Никакие виды на соседские коттеджи и уж тем более стариков в трусах в поместье Максвеллов не грозили. Хотя вряд ли бы даже мистер Гаспаччо соизволил раздеться в такой мороз.

Обширная территория поместья уходила сплошь до берега озера Шамплейн. Всё белоснежнее зефира «Дюрки Мауэр», что я ложкой поедала прямо из банки, пока бабуля Эльма не видела. Она всегда покупала с запасом, но разрешала мне довольствоваться кремовым лакомством лишь по ложечке. Но я не умела растягивать удовольствие так долго, как она – а бабуля могла отламывать дольки от шоколадки и рассасывать по нескольку недель! Так что к тому времени, как бабушка сама хотела побаловать своего внутреннего ребёнка нежным зефиром, из четырёх банок в кладовой оставалась лишь одна, и она бранила мою нетерпеливость и тягу к сладкому.

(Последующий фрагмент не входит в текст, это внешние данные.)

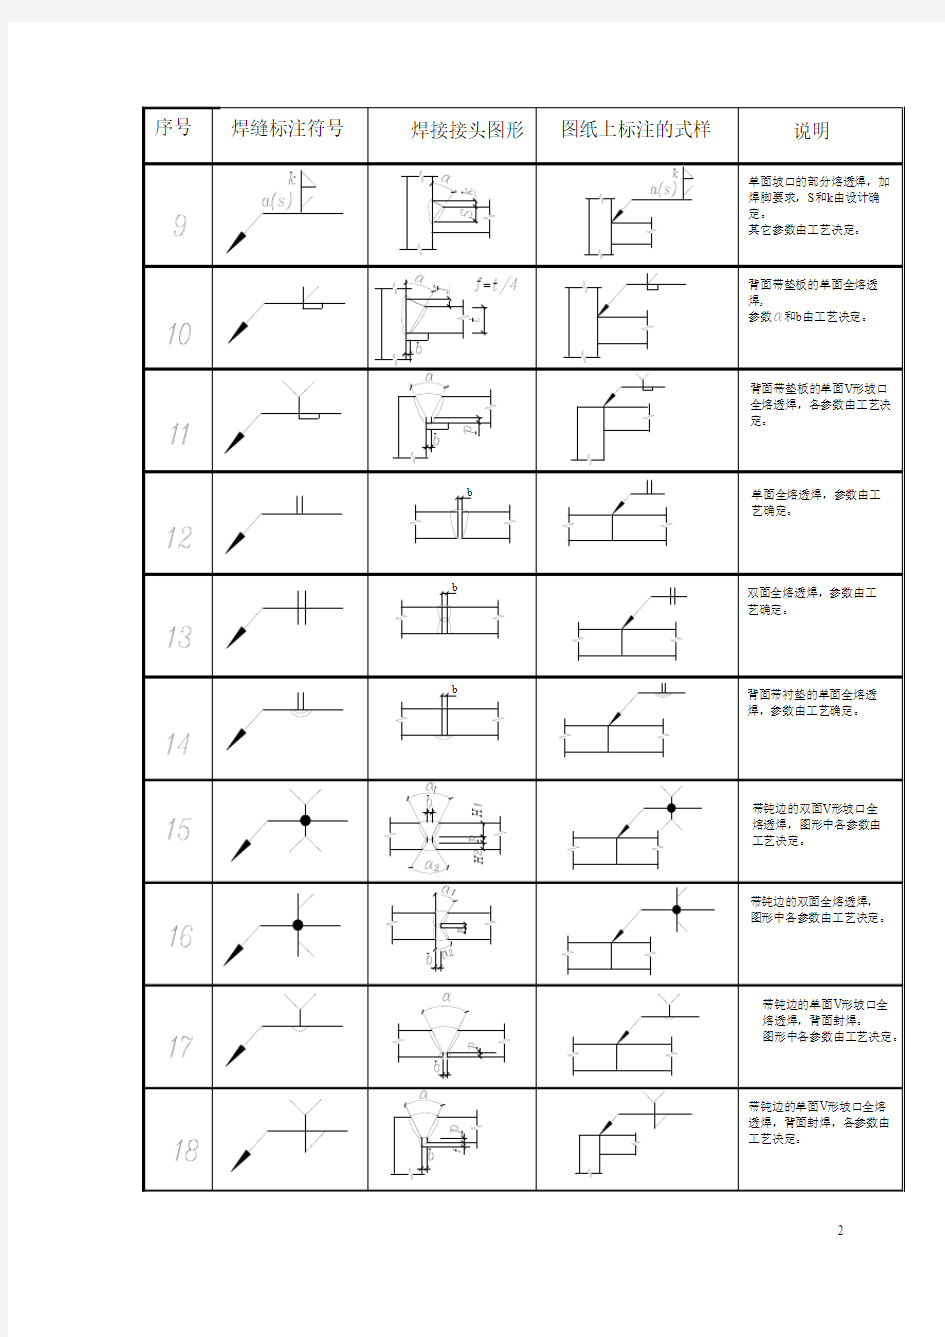 钢结构设计图中的焊接符号标注大全(图)0204192302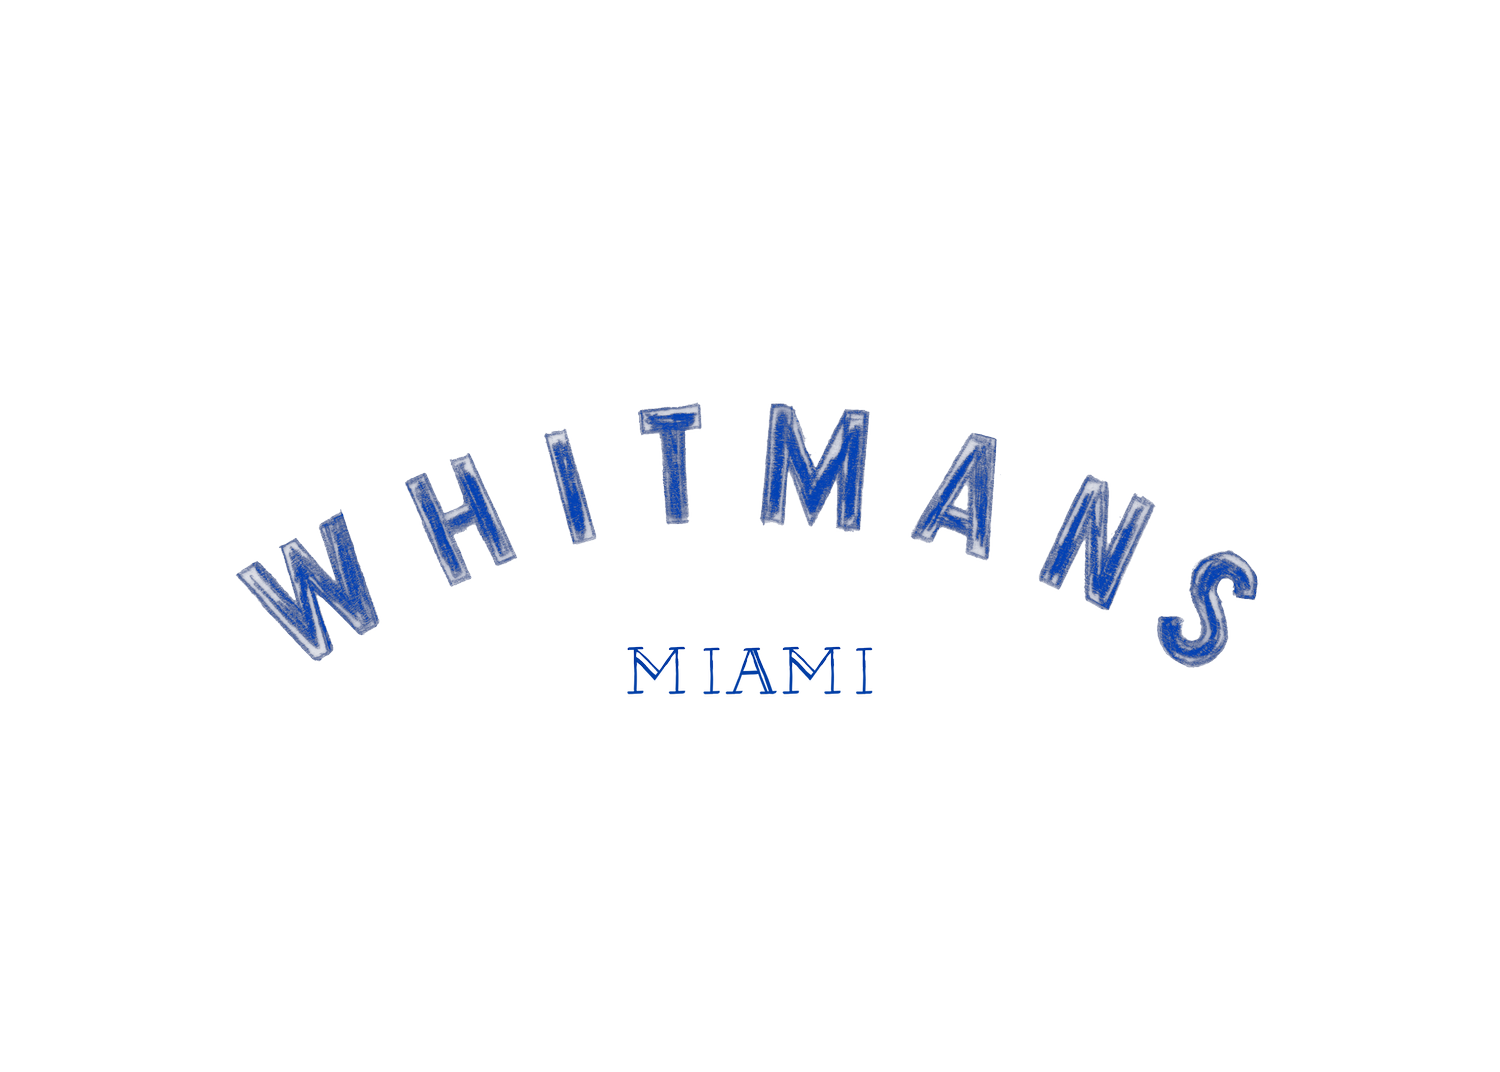 Whitmans Miami

Хотя с годами я стала подозревать, что она покупала три лишних банки специально для меня. В каждом ребёнке живёт дух бунтарства, и я бунтовала лишь с конфетами на рождественской ёлке и кражей зефира из кладовки, так что, если бабуля Эльма и переживала на мой счёт, то только за то, не слипнется ли у меня кое-что.

Заснеженные аллеи поместья продолжались побеленным пирсом, а потом и тонким, местами потрескавшимся льдом, что затянул берег озера. Волны замёрзли и уже не плескались, беспокоя обитателей дома. И этой белизне не найти было конца – до Уилсборо Пойнт на том берегу не добраться взглядом.

– Летом здесь ещё красивее. – Заверил Уилл, наблюдая за моей реакцией.

– Жаль, что я добралась сюда лишь зимой.

– Не любите зиму?

Я не смогла ответить. К зиме я питала не самые тёплые чувства. Слишком многое случилось в эту пору. Одна из причин, почему я перебралась почти на самый юг страны, подальше от холода, скользких дорог и смерти.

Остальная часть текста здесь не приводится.